No, I was using table size exactly as you, to mean the number of elements stored. Is there a reason my comments only made sense under a different definition? It not, be charitable. (And avoid using obscure terms.)
> No, I was using table size exactly as you, to mean the number of elements stored. Is there a reason my comments only made sense under a different definition? It not, be charitable. (And avoid using obscure terms.)
I interpreted your comment to refer to the size of the backing store, because that is fundamentally what a hash key needs to be able to address.
I didn't mean to say that, if you were using it that way, you were doing anything wrong, only that there appeared to be a mismatch.
>I interpreted your comment to refer to the size of the backing store, because that is fundamentally what a hash key needs to be able to address.
Under the assumption (upthread) of constant resizing as element are added, the distinction is irrelevant. The more elements you have in the table, the more elements you need to address, and the more possible outputs your hash function needs to have.
And the needed size of the backing store scales with the number elements you want to store anyway.

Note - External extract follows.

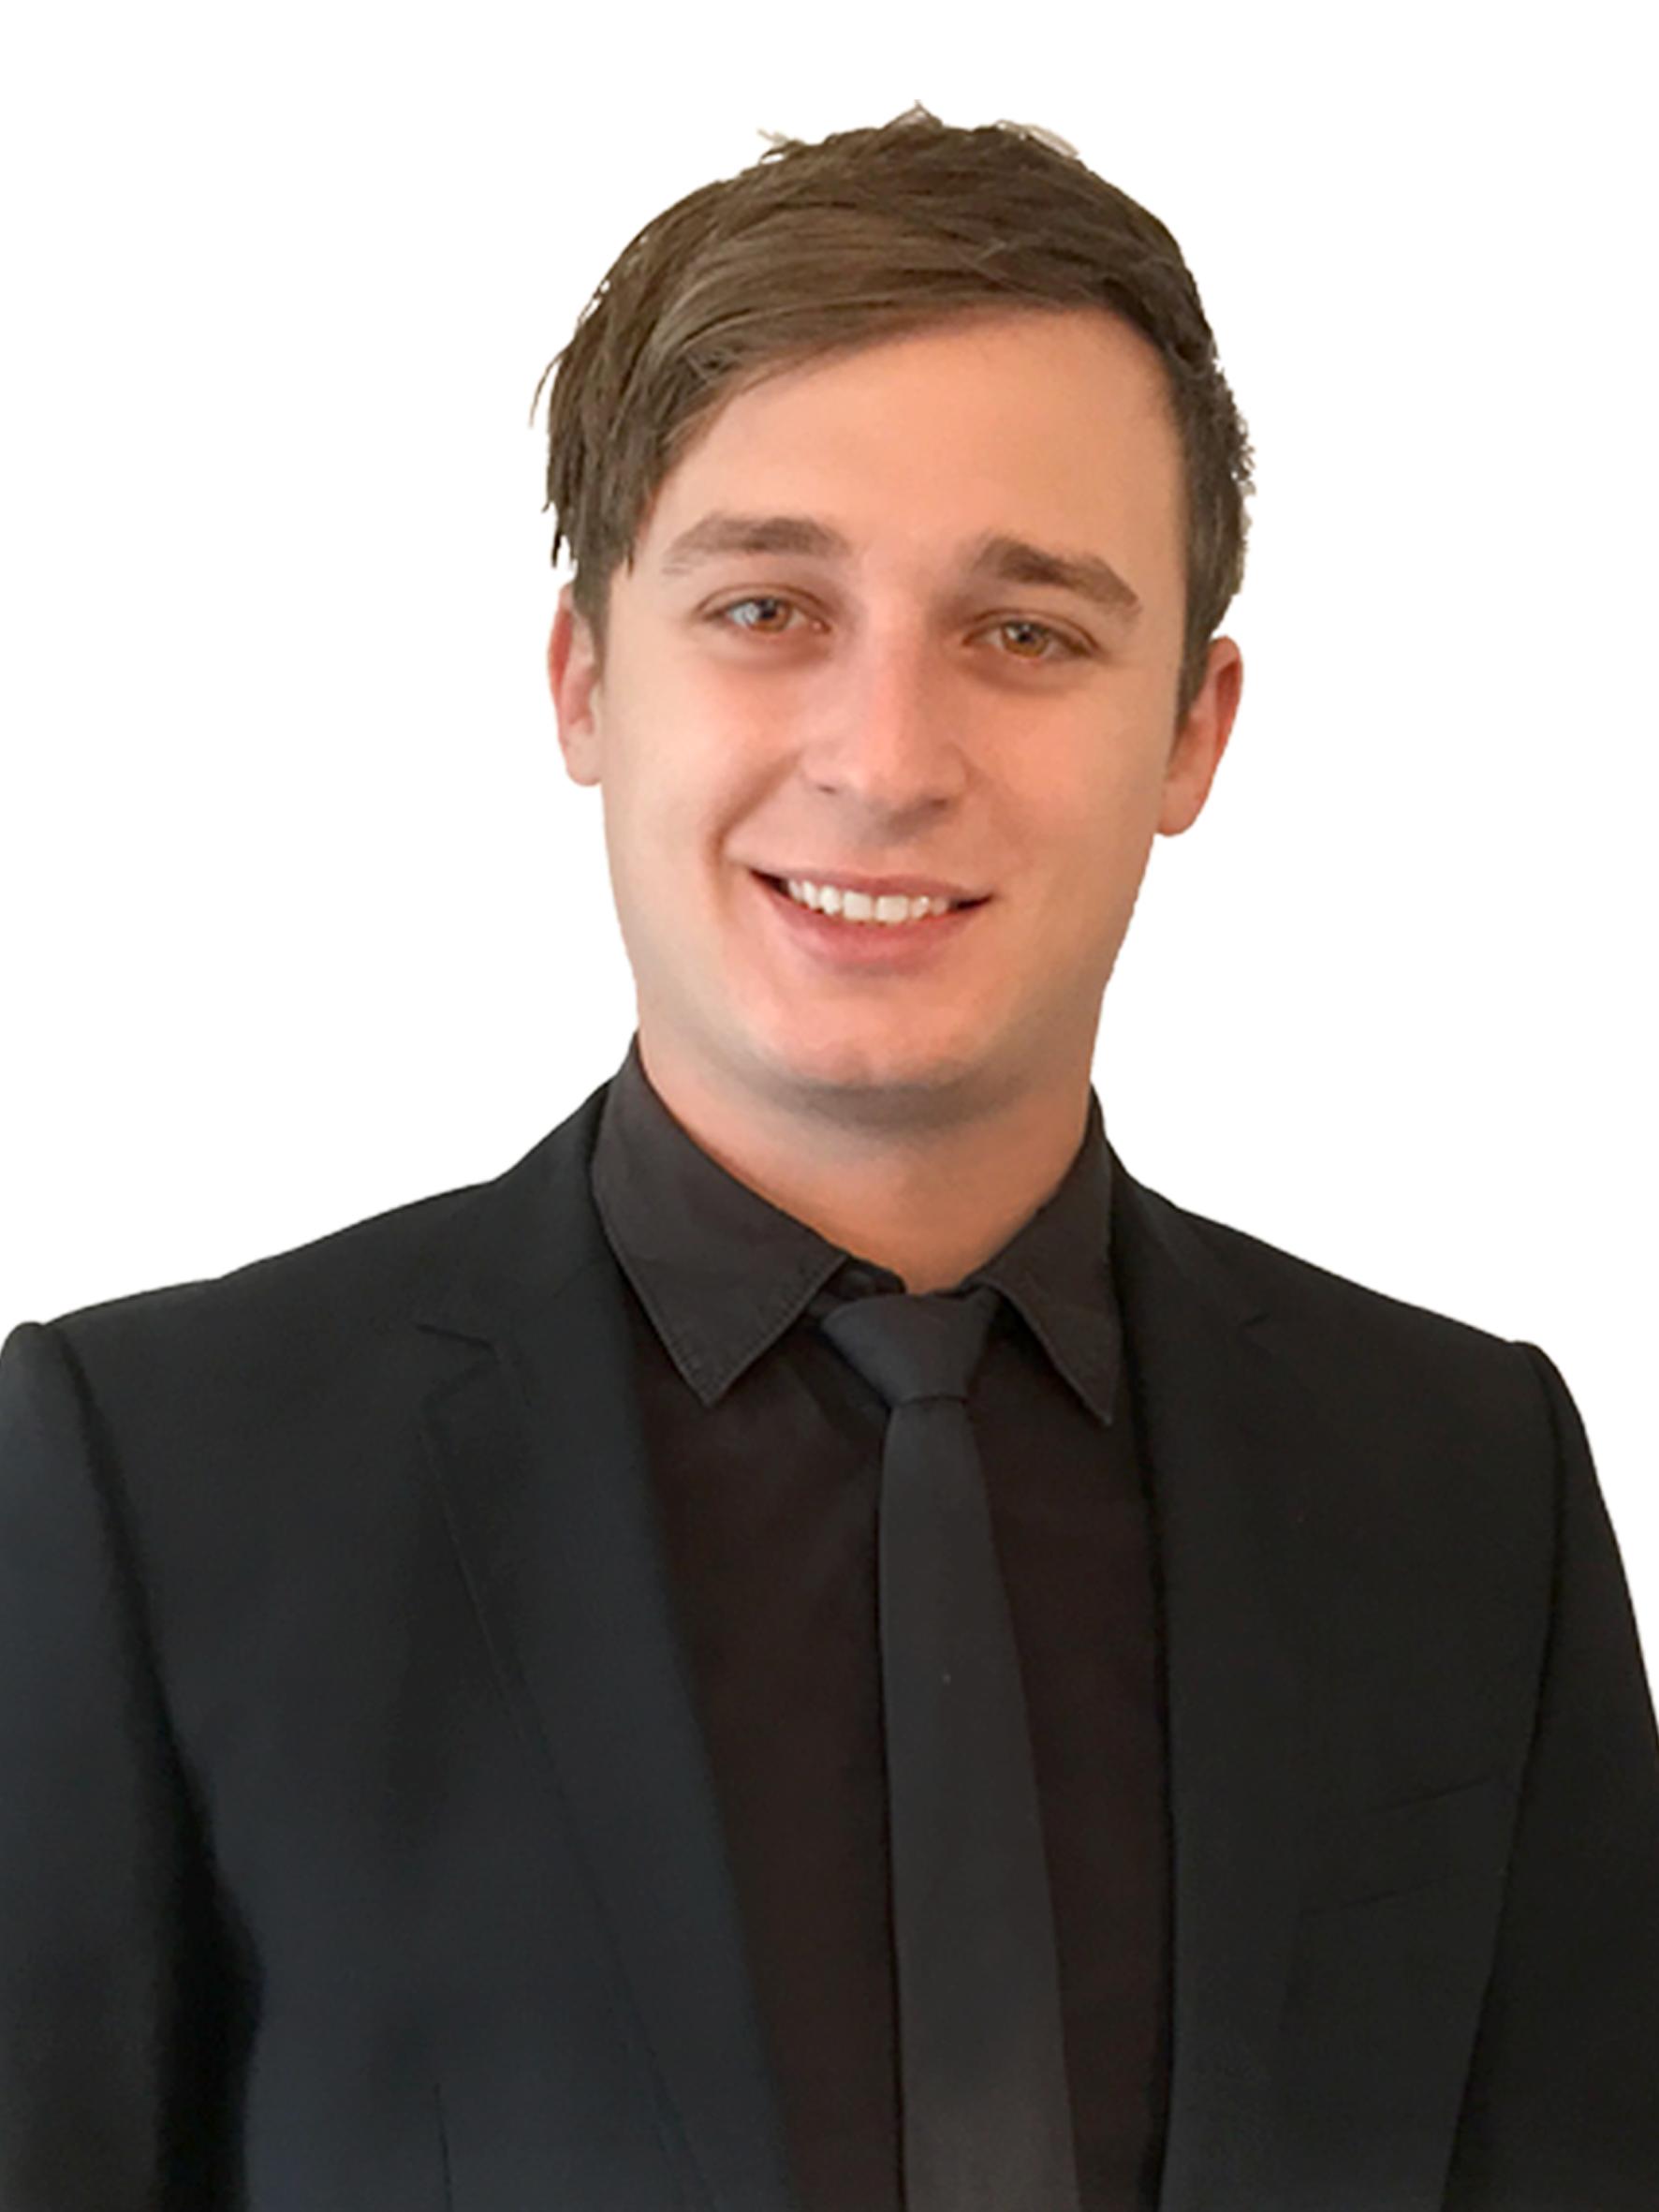 Ing. Mathias Wegscheider

>I didn't mean to say that, if you were using it that way, you were doing anything wrong, only that there appeared to be a mismatch.
Why bring up something like that if it doesn't translate into something relevant to the discussion e.g. to show my point to be in error?
Incidentally, the person replying to you in that thread incorrectly stated that comparison is O(logN) on the number of bits. The most common comparison function, lexicographic comparison, is actually O(1) average case given random inputs of arbitrary length.
But, isn't the key length a constant and we are back to O(1)? Ok, in theory you could exhaust all possible keys of a certain length and proceed with longer keys. It would give us what? O(ln(n))?
His point is, if you use Moby Dick as the key, it's going to take longer to hash that than a three letter string. Hashing isn't O(1) if the key has variable size.